What happened to Uday and Qusay Hussein last week is essential to the process of building that future. Their demise is an important step in making Iraqis feel more secure that the Baathist tyranny will never return, in restoring order and in giving freedom a chance. Even in Baghdad, far from the Shi'a and Kurdish areas that we associate with Hussein's genocidal murders, enthusiastic and prolonged celebrations over the news of their deaths erupted almost at once -- suggesting something else I observed: Hussein and his sons were equal-opportunity oppressors.

It was a significant step forward to get Nos. 2 and 3 on our most-wanted list of regime criminals. That same day we captured the commander of the Special Republican Guard. But we've learned in our days on the ground that the roots of that regime go deep -- burrowing into precincts and neighborhoods, like a huge gang of organized criminals. So it is the coalition's intensified focus on mid-level Baathists that we think will yield even greater results in apprehending the contract killers and dead-enders who now target our soldiers and our success. Recently captured functionaries have revealed new and helpful information, and we are working to encourage this trend.

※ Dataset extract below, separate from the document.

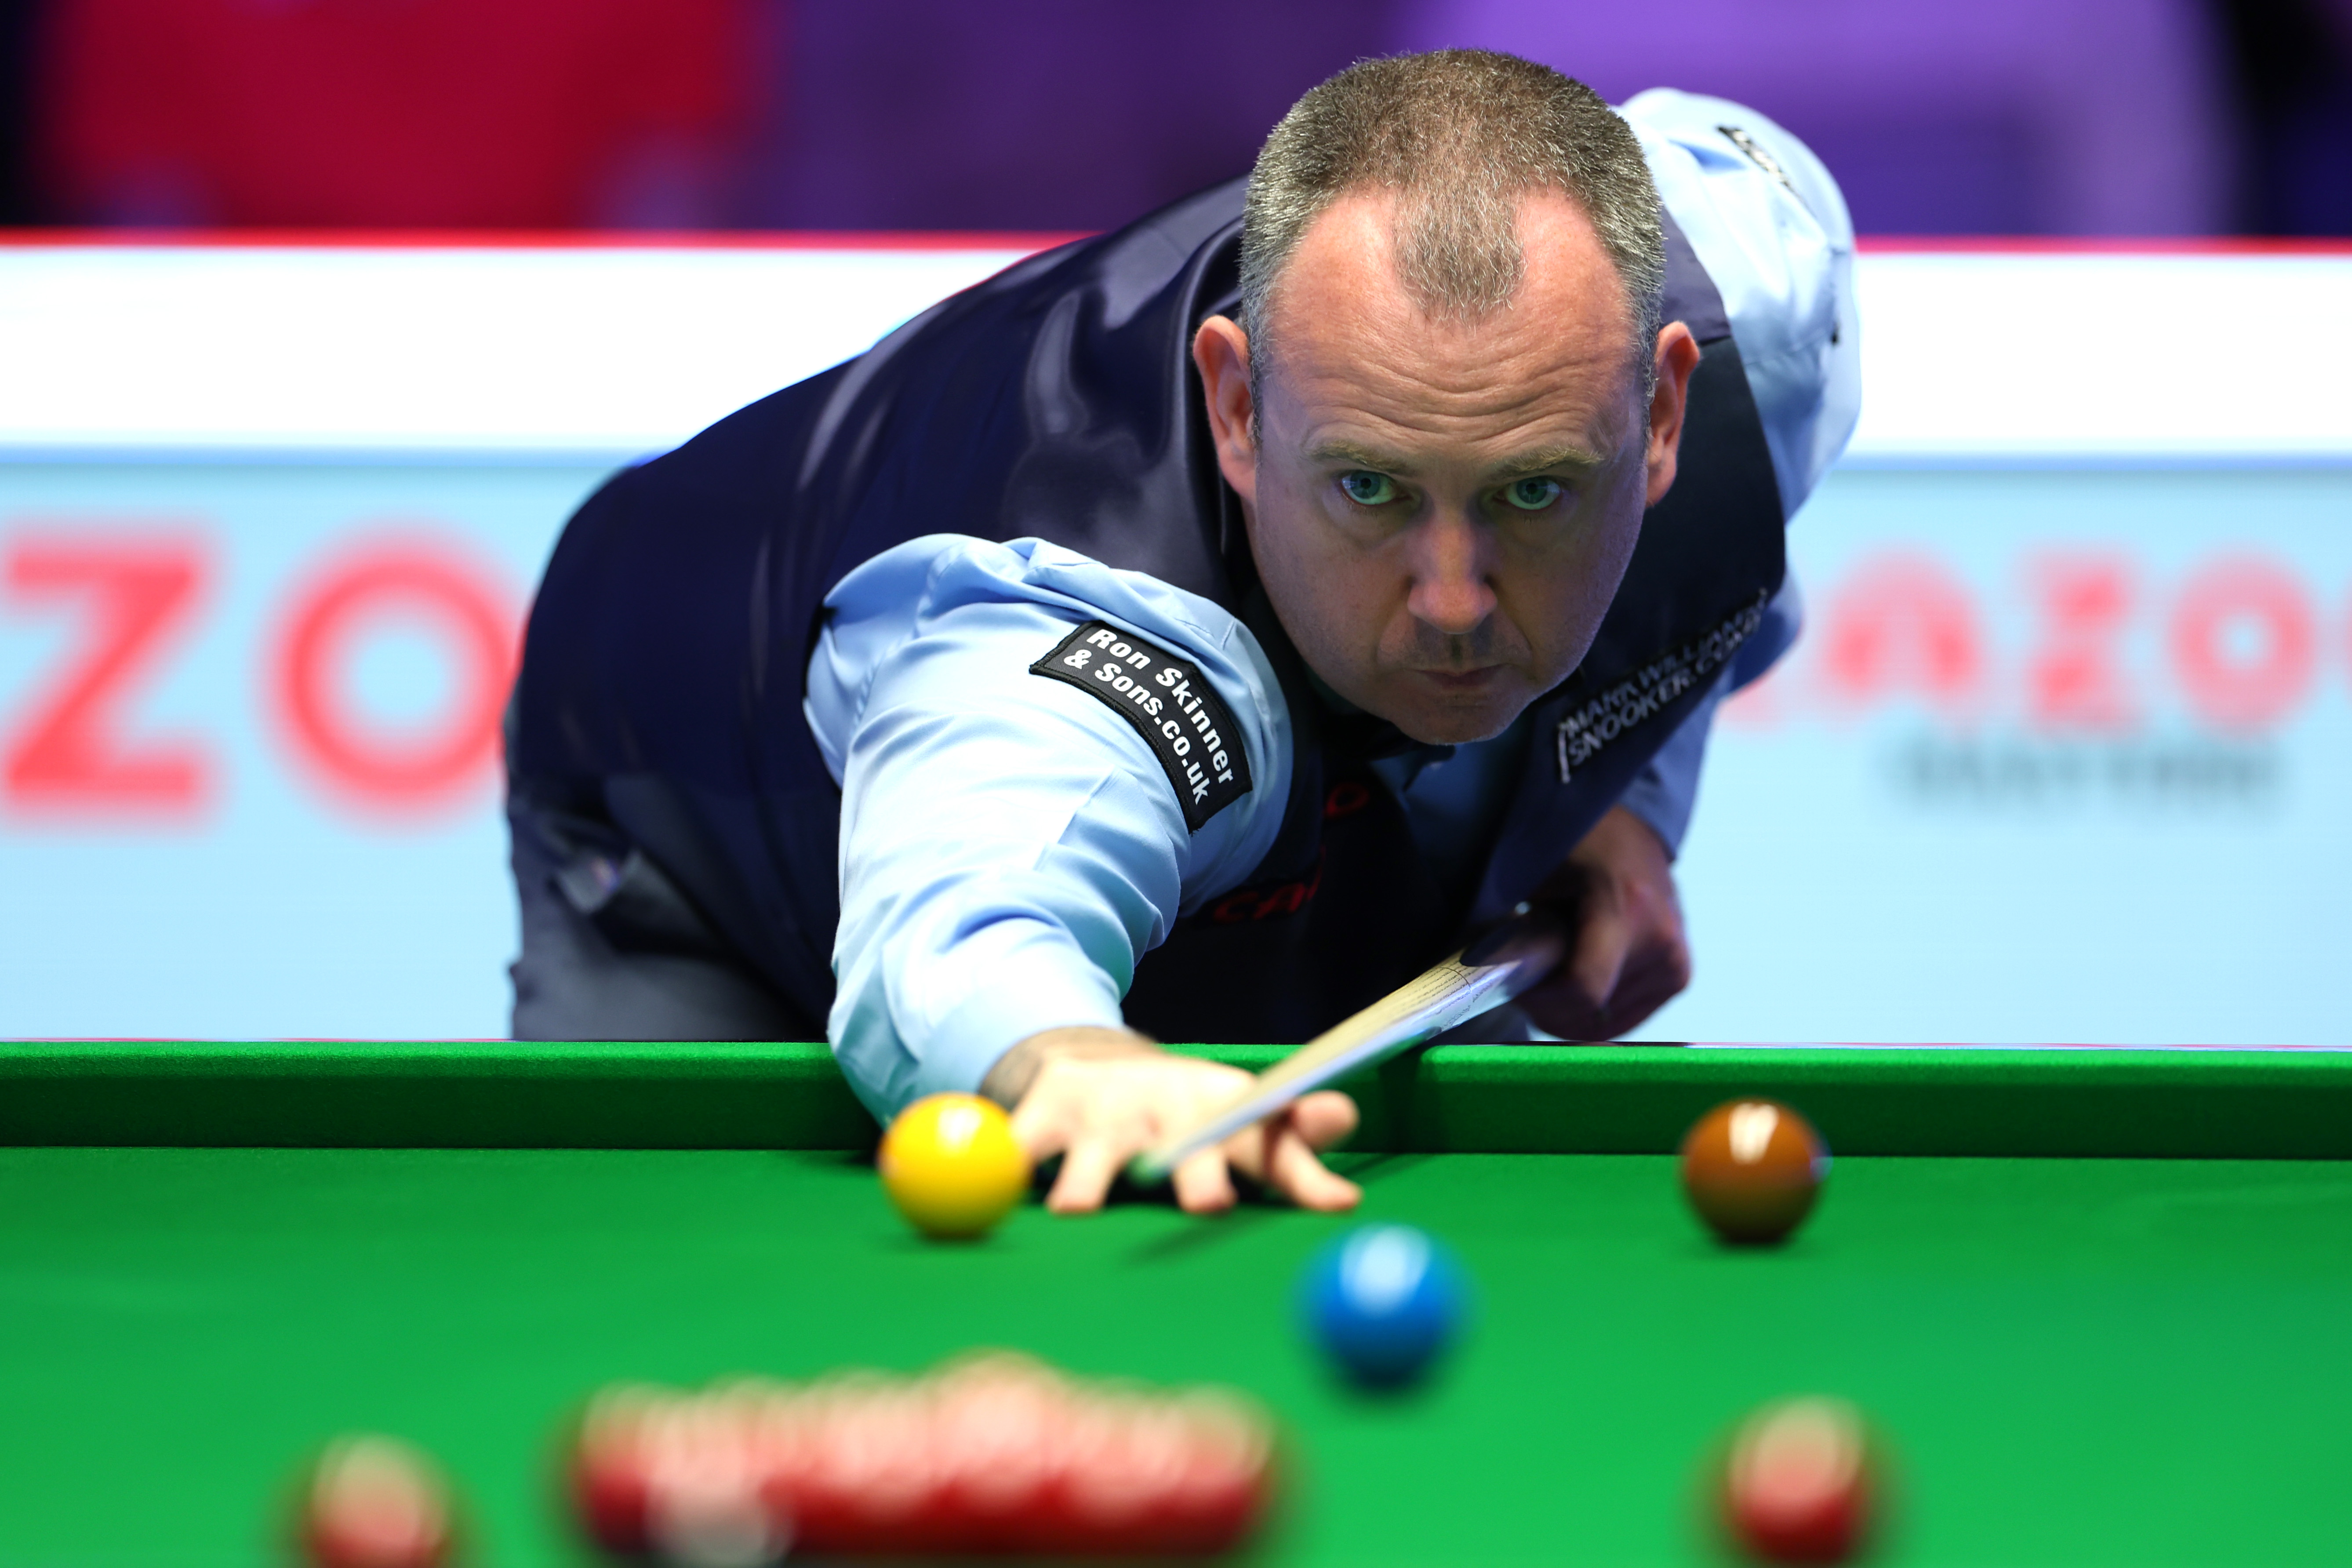 Masters Snooker 2023 how much do final tickets cost?

Even though the enemy targets our success, we will win the peace. But we won't win it alone. We don't need American troops to guard every mile of electrical cable. The real center of gravity will come from the Iraqi people themselves -- they know who and where the criminals are. And they have the most at stake -- their future.

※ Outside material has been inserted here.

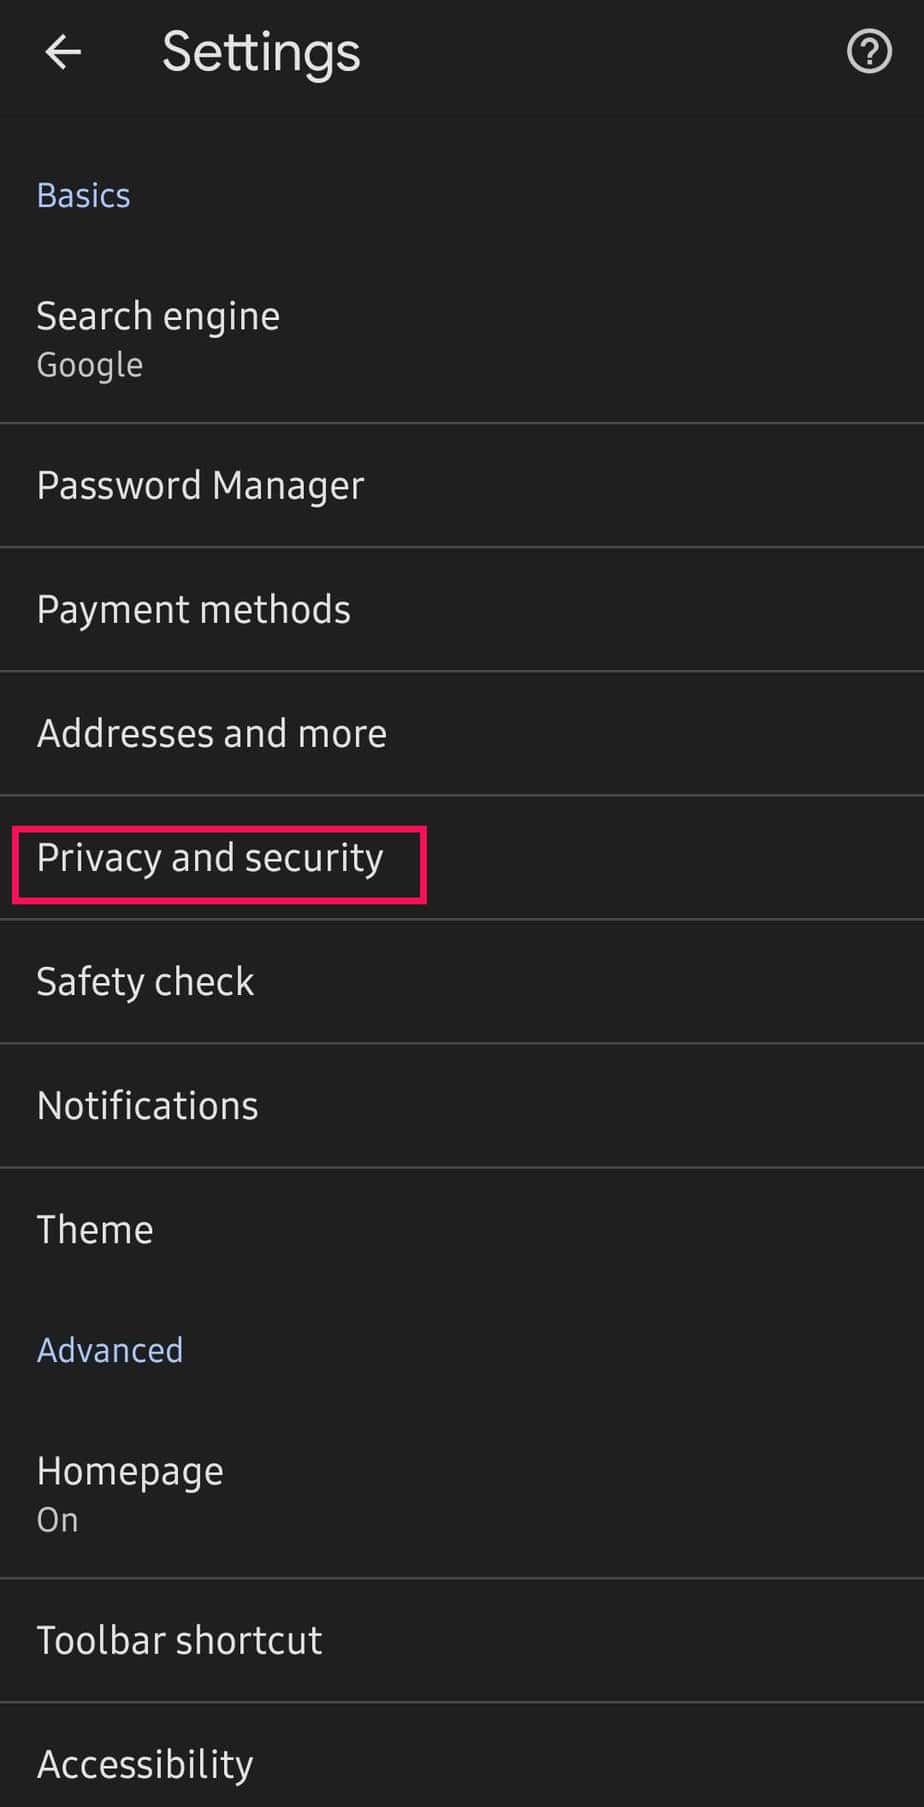 click-on-privacy-and-security

While Iraqis may remain in the grip of fear, our troops, our coalition allies and the new Iraqi national and local Iraqi councils are making significant progress in lessening its iron hold. When inevitable challenges and controversies arise, we should remember that most of the people of Iraq are deeply grateful for what our incredibly brave American and coalition forces have done to liberate them from Hussein's republic of fear.

When we've convinced Iraqis that we mean to stay until the old regime is crushed and its criminals are punished -- and that we are equally determined to give their country back to them -- they will know they can truly begin to build a government and society of, by and for the Iraqi people.

In many ways, the people of Iraq are like prisoners who endured years of solitary confinement -- without light, without peace, without much knowledge of the outside world. They have just emerged into the bright light of hope and fresh air of freedom. It may take a while for them to adjust to this new landscape free of torture trees.